Three-nothing is a shellacking. Five-nothing is a statement result. But seven-nothing against a historic enemy? That’s the sort of game that can swing a season.
At kickoff, Liverpool was yesterday’s man. Sure, it had been the sexiest non-Spanish club in the world for running on five years. Fun guys doing fun things with a fun coach. But not any more.
This year it shifted from funny-ha-ha to funny-why-are-you-so-old? Two weeks ago, it went up 2-0 on Real Madrid in a Champions League match and lost 5-2. It was the end of an admittedly short era. Time to start thinking about where to attach the depth charges in advance of demolition. People began seriously debating whether Liverpool manager Jurgen Klopp – the agreed-upon best field boss in the world a few months ago – should be fired.
And then this happens.
“We need to stay humble,” Liverpool’s Mo Salah said afterward.
Liverpool is headed out of the Champions League. It has already been bounced from the FA Cup. It sits fifth in the Premier League standing. You’d think humility would not be an issue. But 7-0 can do incredible things for your self-esteem.

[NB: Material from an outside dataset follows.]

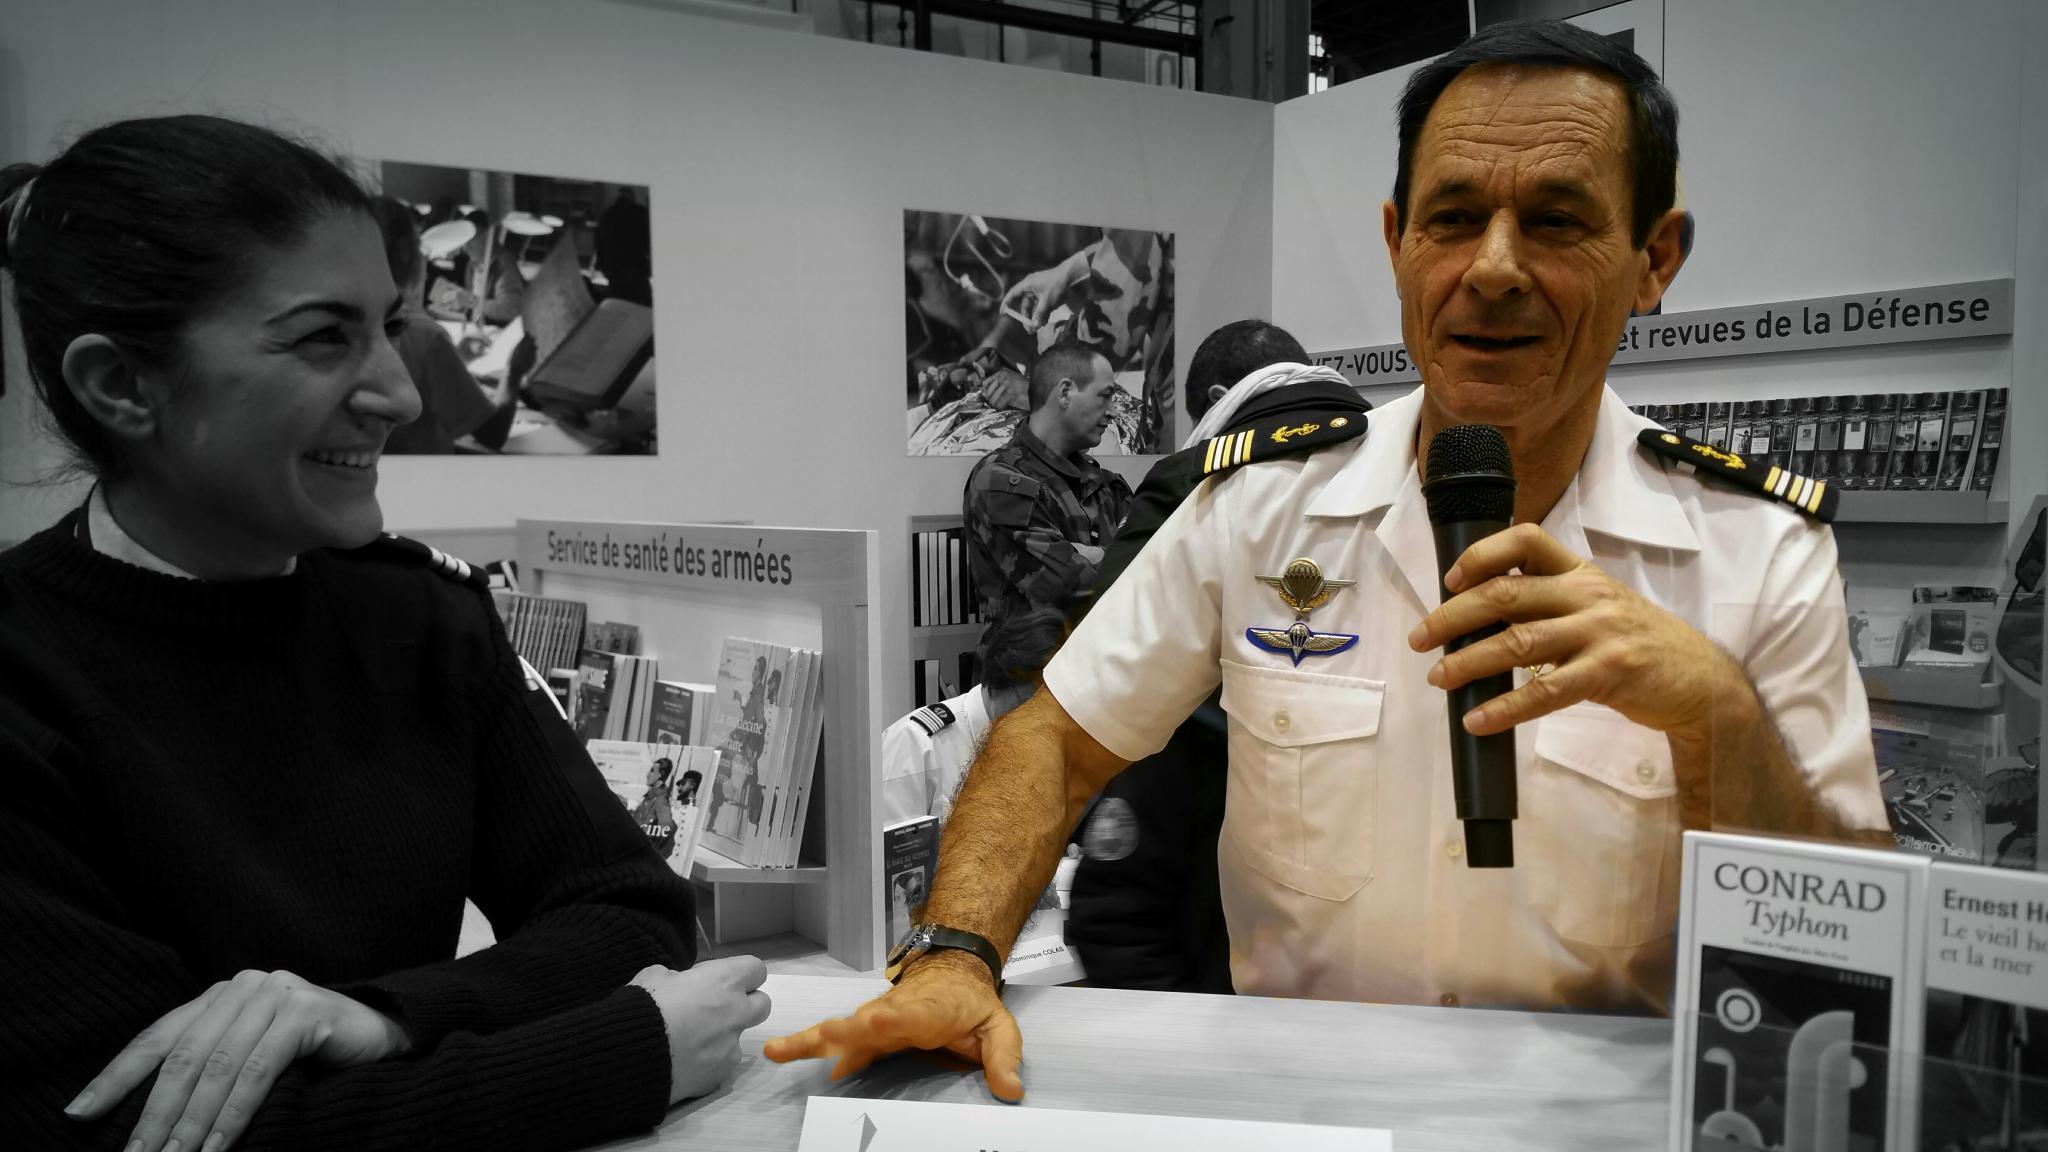 entretien,patrice franceschi,marin,kurde,aventure,littérature,ecrivain de marine,charles-de gaulle,porte avions,marine
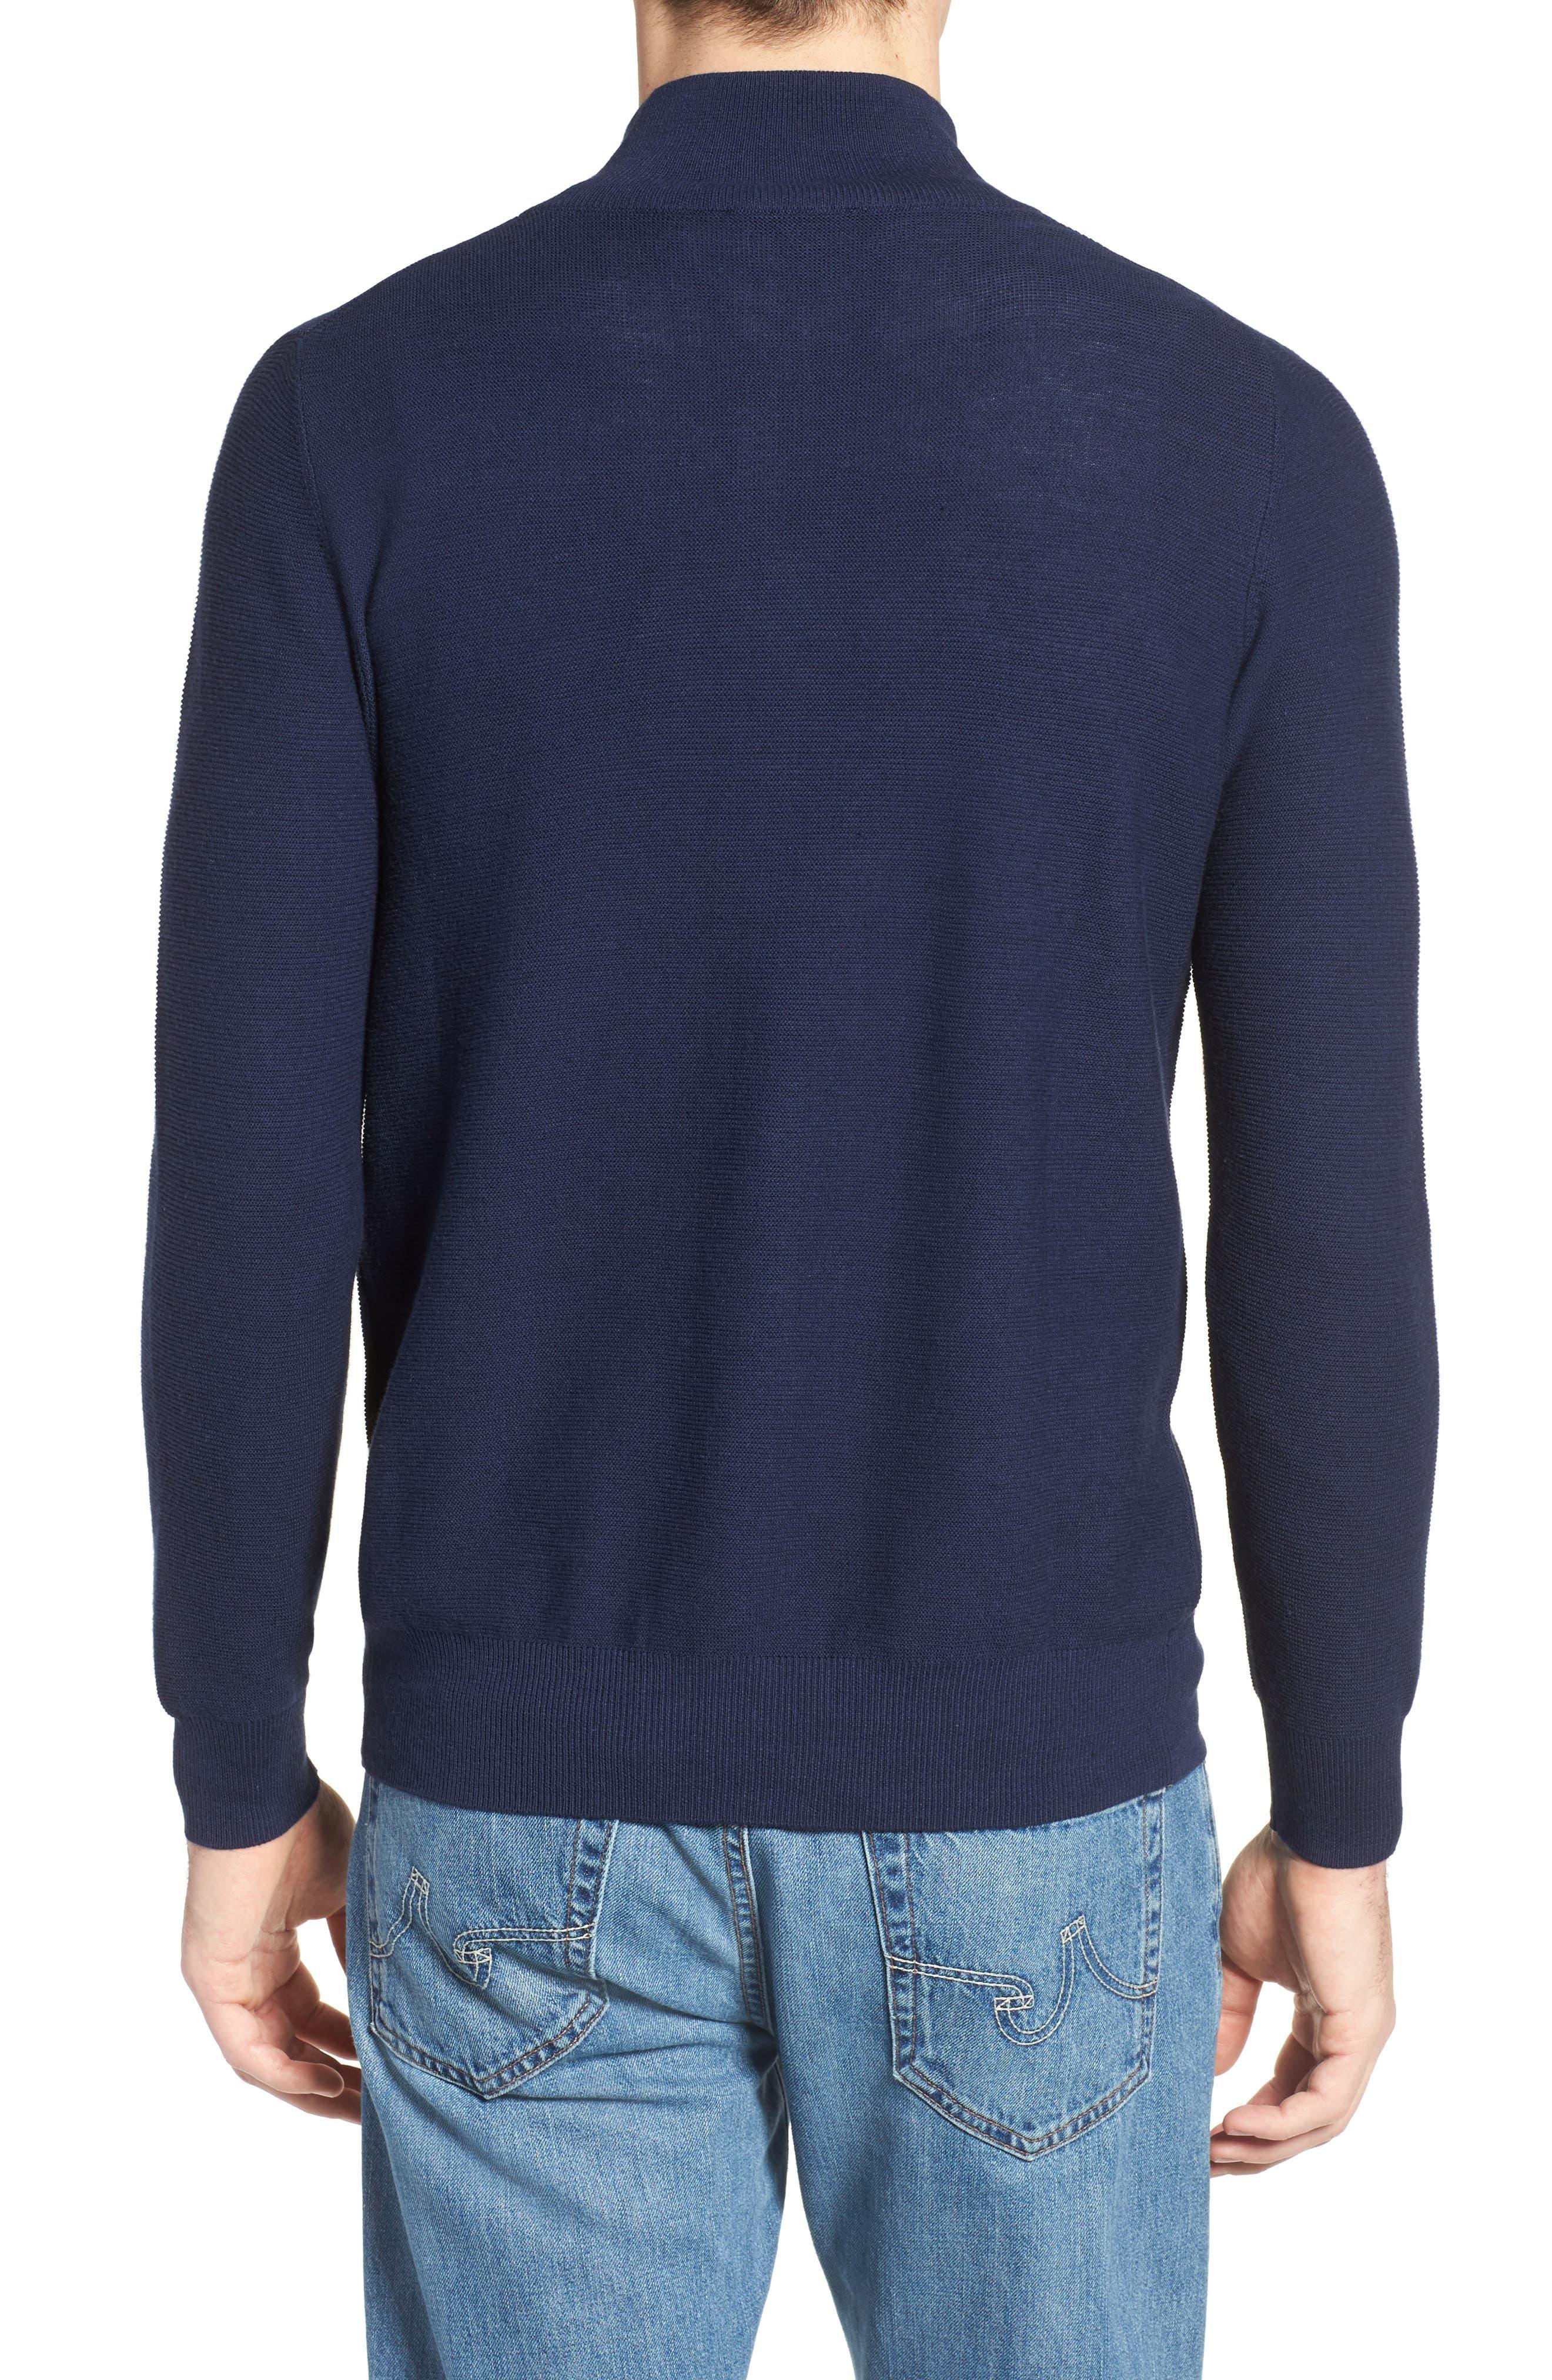 Quarter Zip Sweater,                             Alternate thumbnail 2, color,                             Navy

On the opposite end, there’s United.
In the 10 years since Alex Ferguson retired as manager, it has been in varying stages of disarray. The club did still win the occasional trophy, but it used to win regular trophies. It has cycled through managers and players, writing off hundreds of millions of dollars in bad investments.
At kickoff, United was on the way back up. It had finally got its manager search right. Erik ten Hag’s signature accomplishment so far – firing Cristiano Ronaldo, thereby severing the umbilical cord that connected the team back to its most recent glory days in the aughties. Ronaldo was the whiny past. Ten Hag is the stone-faced future.
United won the EFL Cup last weekend, its first trophy in a while. Ten Hag, who usually comes off more serious than Batman at a funeral, danced on the field with his players afterward. The new glory days weren’t here yet, but you could see them off in the near distance.
And then this happens.
There’s still a lot of season left, but it’s likely this match will define the campaigns of both clubs. For United, it will be taken as proof of how much work there is left to do. It’s the sort of humiliation that can be the making of a young roster, if it has mental resilience. It may have the salutary effect of convincing the (relative) cheapskates in charge to invest even more in order to become a winner.
For Liverpool, it shows there is kick left in this thoroughbred. No need to talk about controlled burns yet. Since he just laid a beating on the most fashionable brain in the English game, Klopp is returned to the status of genius. That may have the salutary effect of convincing the (relative) cheapskates in charge to invest even more in order to stay a winner.
So it’s a victory for everyone, but especially for the value of a regular season.
In North America, the regular season stopped mattering a long time ago. Those six months of the year have almost nothing to do with who wins what, how dynasties are created or who gets talked about. Post-seasons matter. Everything else is a flurry of games that are largely meaningless as individual contests.
You lost 10-0? Embarrassing. The great news is that you play the next night or the night after that. Win three in a row and everyone forgets you ever lost at all.
A million games piled up on top of each other to decide which two-thirds of the league gets into the playoffs is great for bottom lines, but not so much for drama. Unless something truly wild happens – a middle-aged Zamboni driver wins the game in net, say – no one will remember any single one of them.
But a regular-season game you can never forget is still possible in European soccer. That on a random Sunday, given just the right amount of occasion and luck, you can turn the story so far around that having arrived nearing your end, you emerge resplendent and renewed.